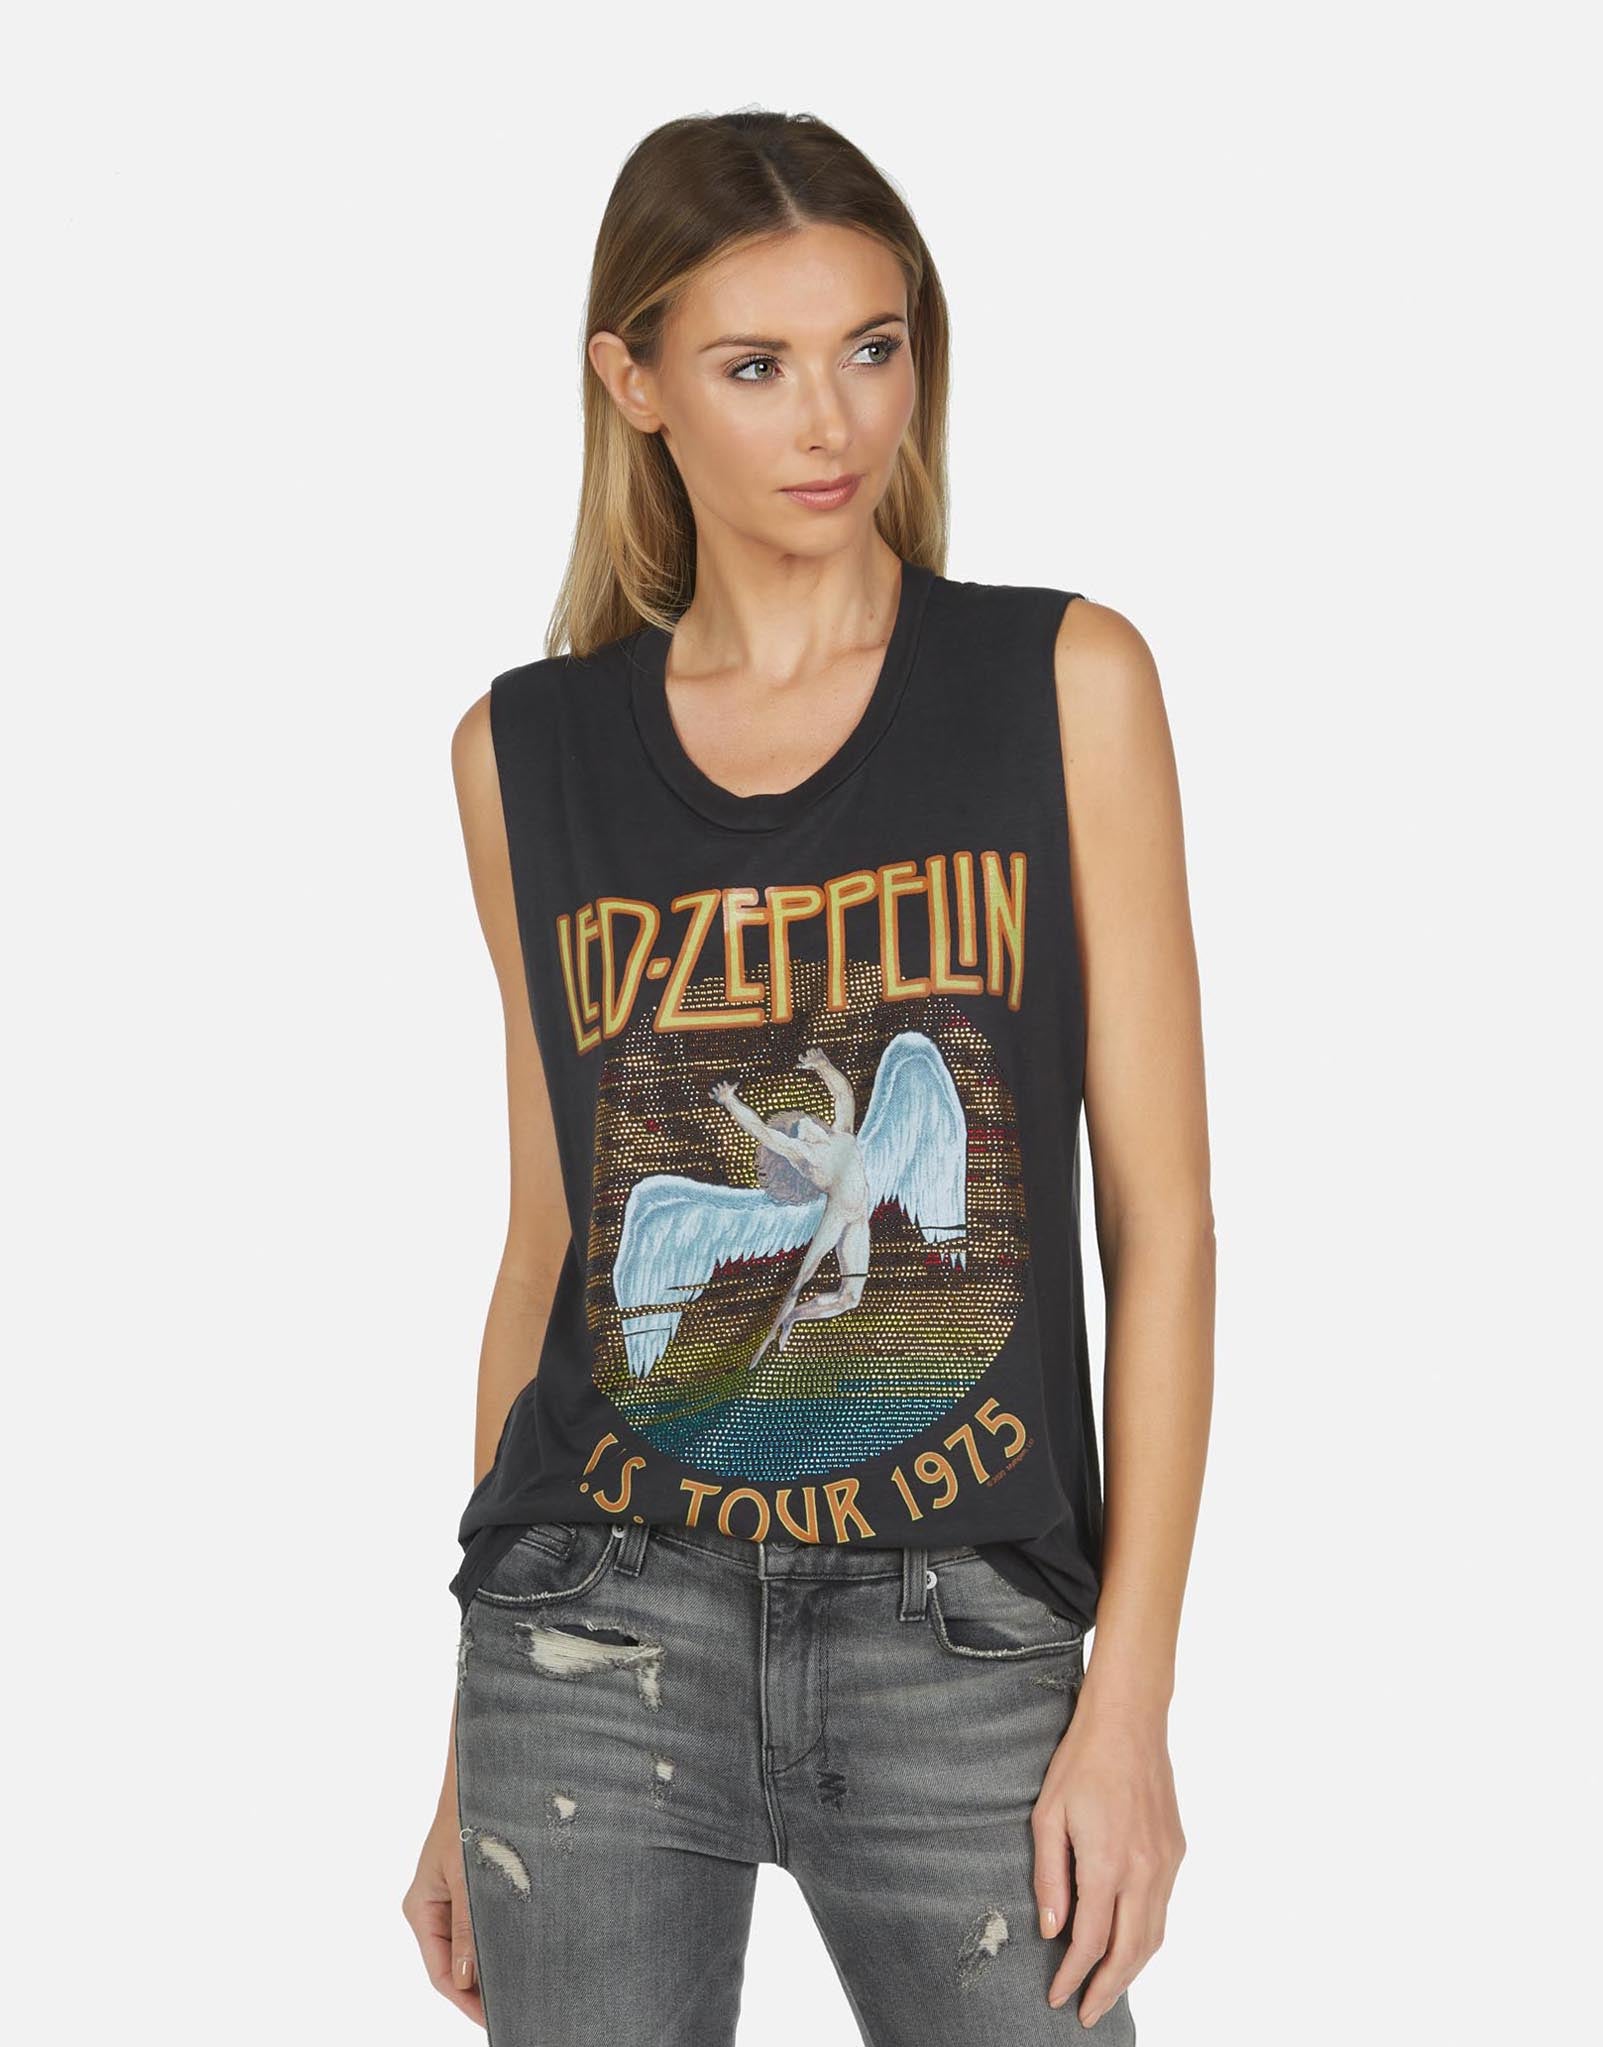 Kel Led Zeppelin
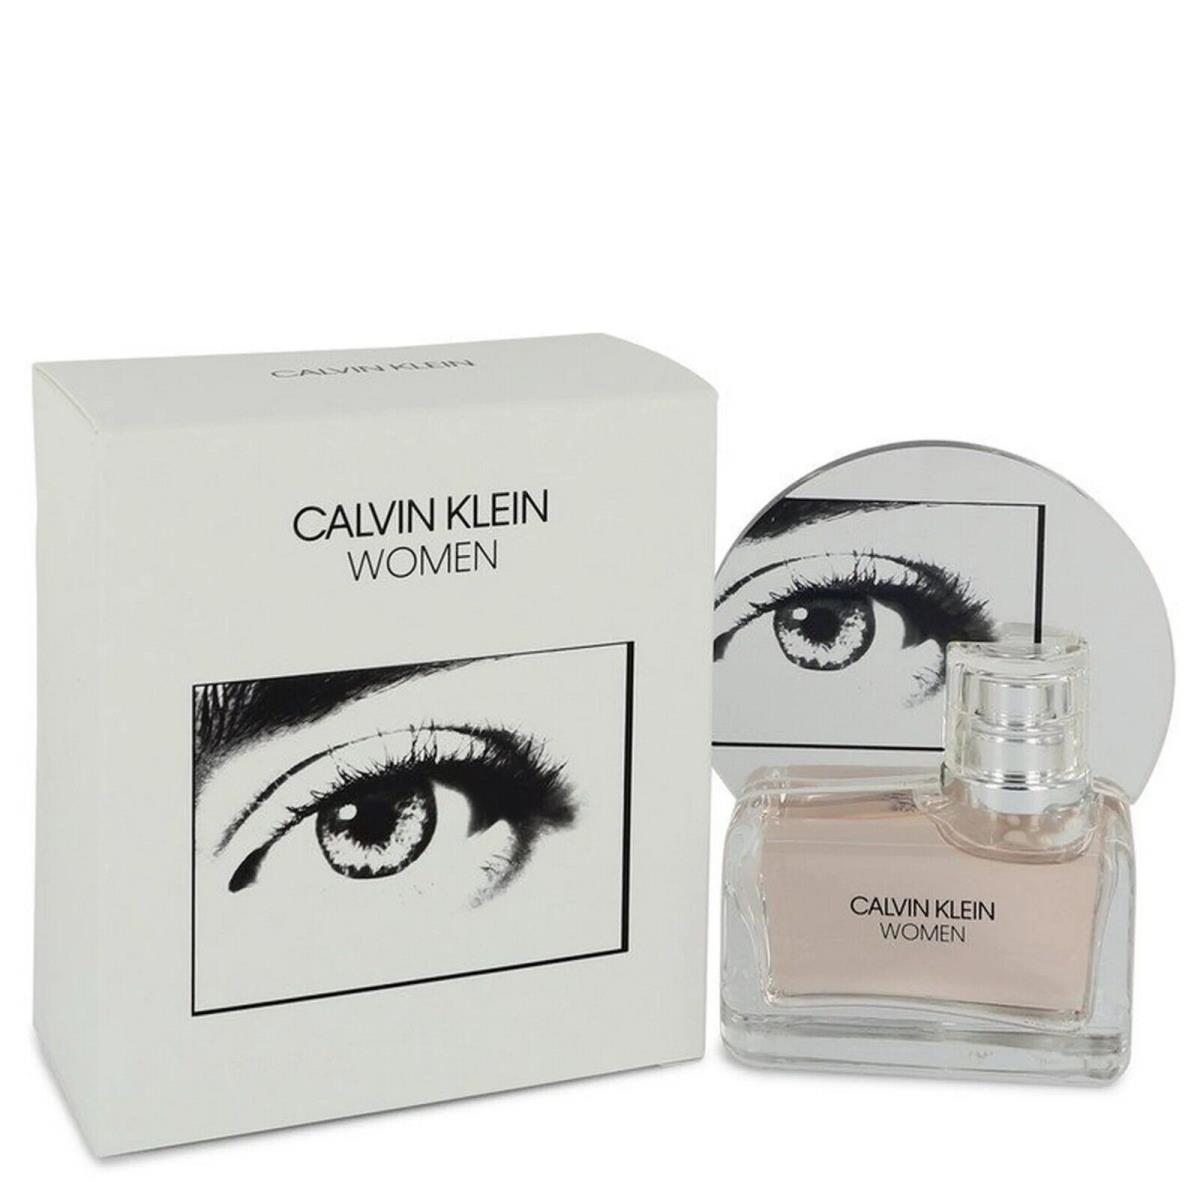 Calvin Klein Women Eau de Parfum 1.7 oz 50 ml Women Perfume Seald
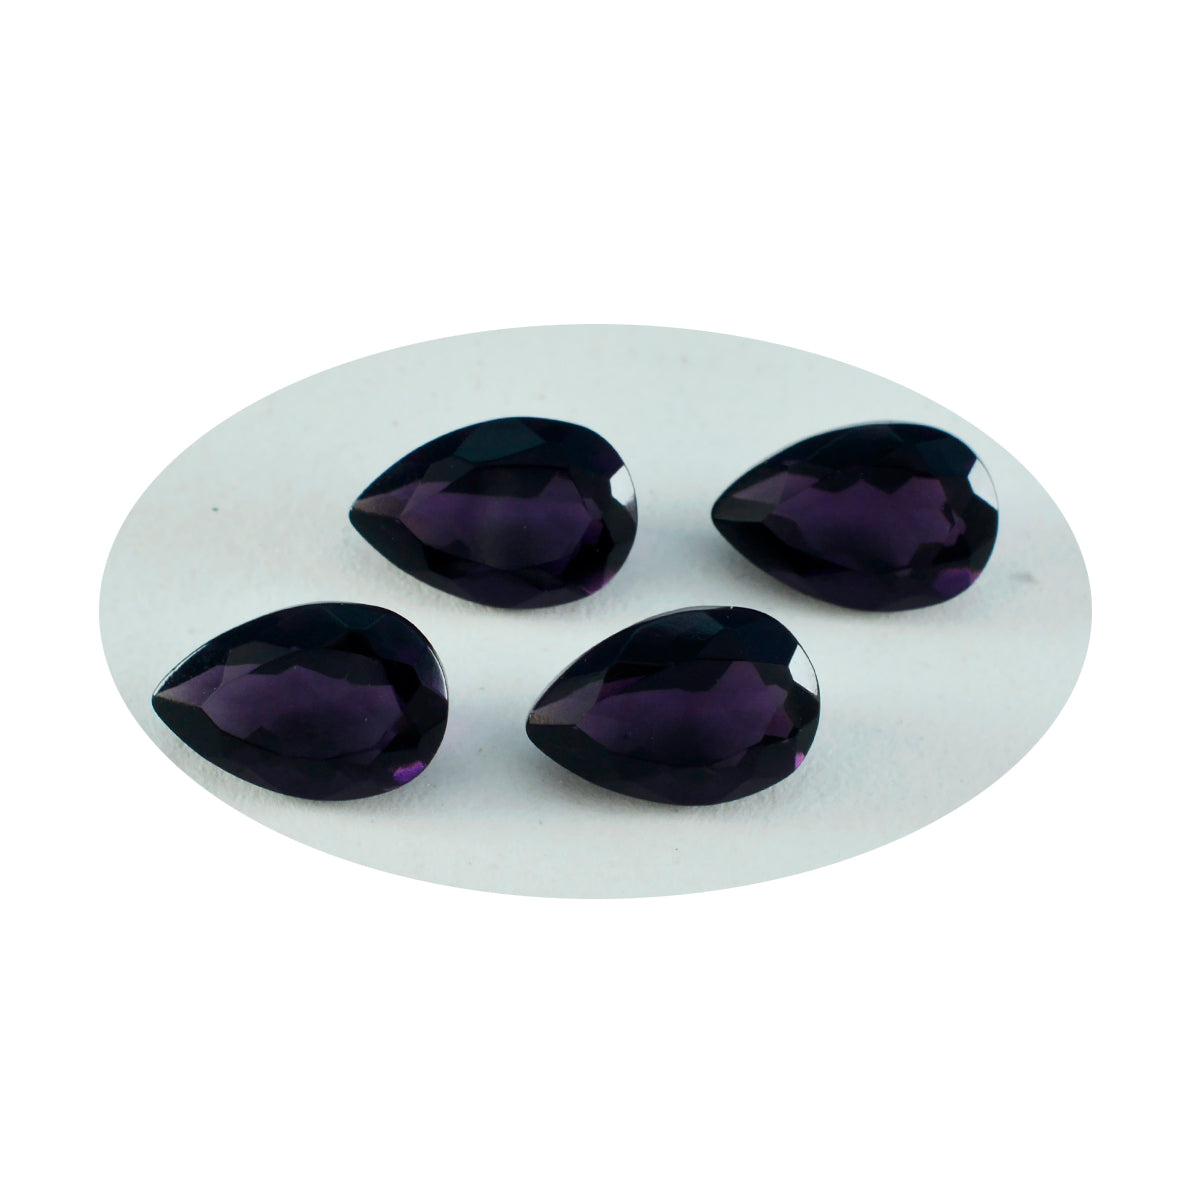 riyogems 1шт фиолетовый аметист cz ограненный 8x12 мм грушевидная форма A+ качество отдельные камни

Exercise aim: Output everything in the material exactly. Pictures stay out of it.

Result:
 Kel Led Zeppelin
 Calvin Klein Women Eau de Parfum 1.7 oz 50 ml Women Perfume Seald
 riyogems 1шт фиолетовый аметист cz ограненный 8x12 мм грушевидная форма A+ качество отдельные камни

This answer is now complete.